A spline usually refers to a curve that passes through specified points. A B-spline, however, usually does not pass through its control points. A single segment has the parametric form
x(t) = \frac{1}{6}[(1 - t)^{3}p_{0} + (3t^{3} - 6t^{2} + 4)p_{1} + (-3t^{3} + 3t^{2} + 3t + 1)p_{2} + t^{3}p_{3}] (14)
for 0 ≤ t ≤ 1, where p_{0} , p_{1} , p_{2} , and p_{3} are the control points. When t varies from 0 to 1, x(t) creates a short curve that lies close to \overline{p_{1}p_{2}} . Basic algebra shows that the B-spline formula can also be written as
x(t) = \frac{1}{6}[(1 - t)^{3}p_{0} + (3t(1 - t)^{2} - 3t + 4)p_{1} + (3t^{2}(1 - t) + 3t + 1)p_{2} + t^{3}p_{3}] (15)
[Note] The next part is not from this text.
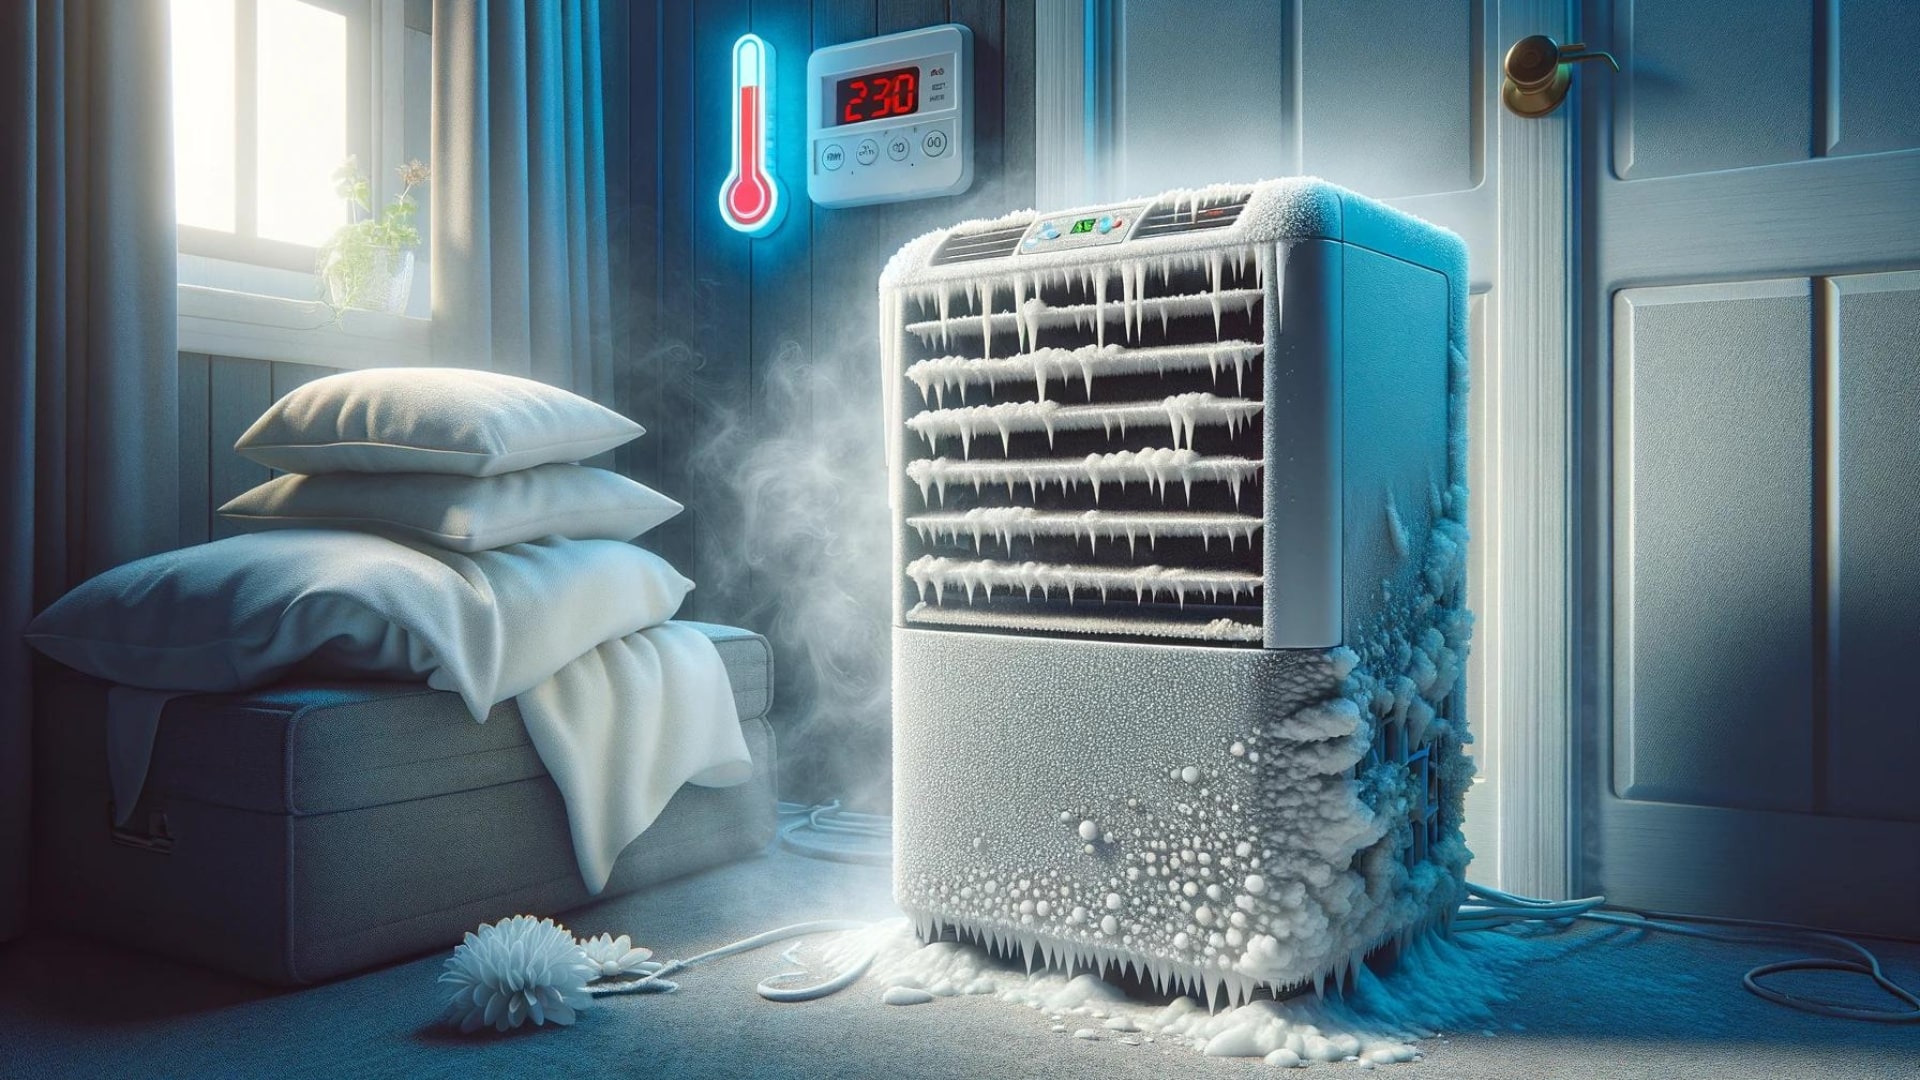 An image showcasing a dehumidifier with visible frost and ice buildup
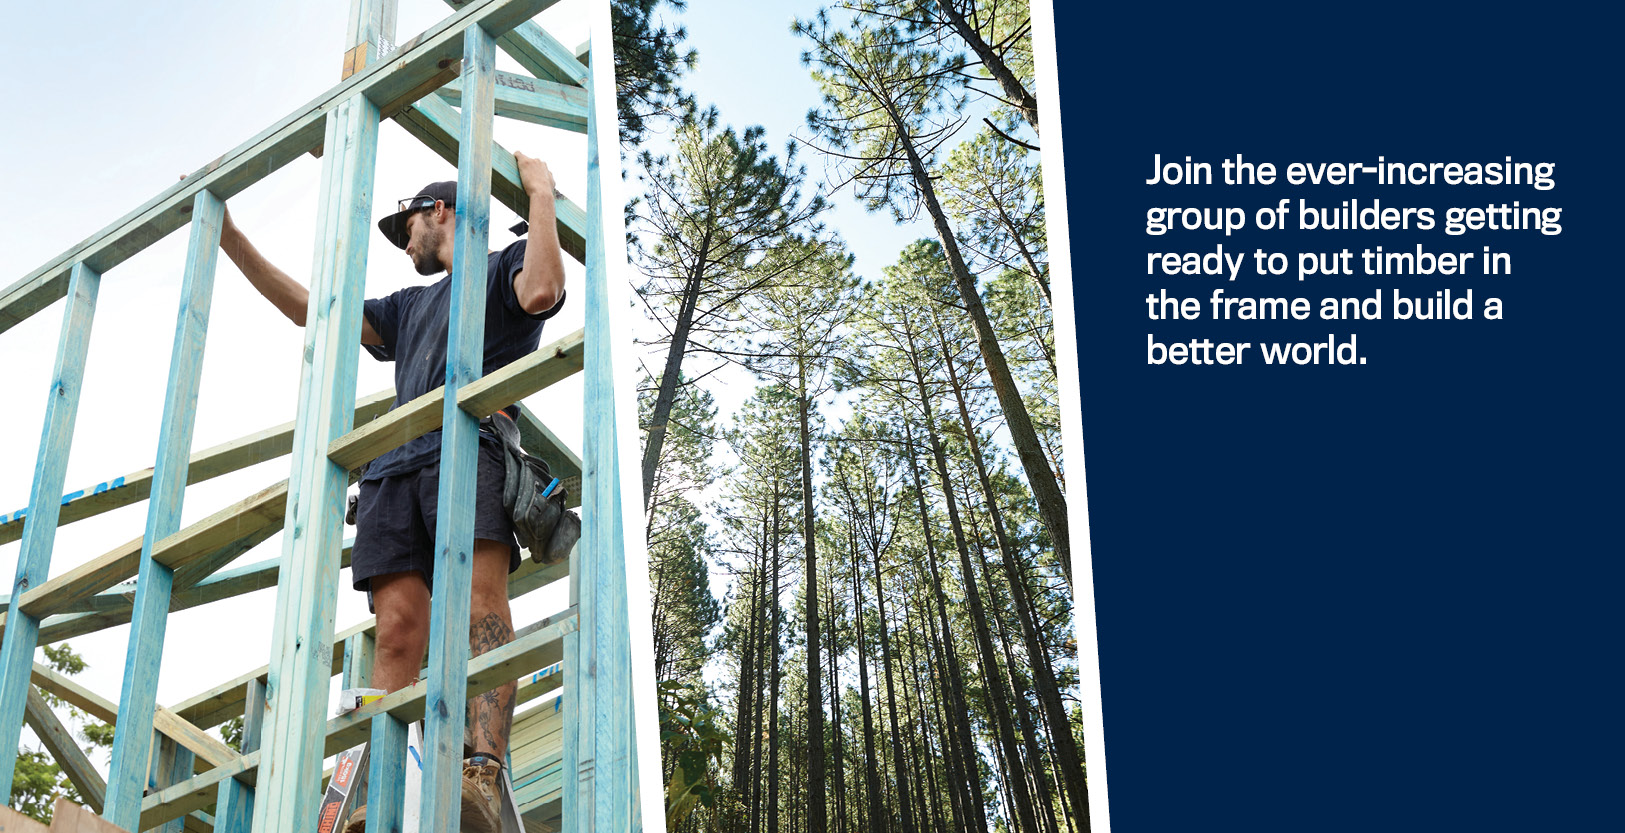 Join the ever-increasing group of builders getting ready to put timber in the frame and build a better world.

This shows the similarity with the Bézier curve. Except for the 1/6 factor at the front, the p_{0} and p_{3} terms are the same. The p_{1} component has been increased by -3t + 4 and the p_{2} component has been increased by 3t + 1. These components move the curve closer to \overline{p_{1}p_{2}} than the Bézier curve. The 1/6 factor is necessary to keep the sum of the coefficients equal to 1. Figure 10 compares a B-spline with a Bézier curve that has the same control points.
1. Show that the B-spline does not begin at p_{0} , but x{0} is in conv { p_{0} , p_{1} , p_{2} }. Assuming that p_{0} , p_{1} , and p_{2} are affinely independent, find the affine coordinates of x(0) with respect to { p_{0} , p_{1} , p_{2} }.
2. Show that the B-spline does not end at p_{3} , but x(1) is in conv { p_{1} , p_{2} , p_{3} }. Assuming that p_{1} , p_{2} , and p_{3} are affinely independent, find the affine coordinates of x(1) with respect to { p_{1} , p_{2} , p_{3} }.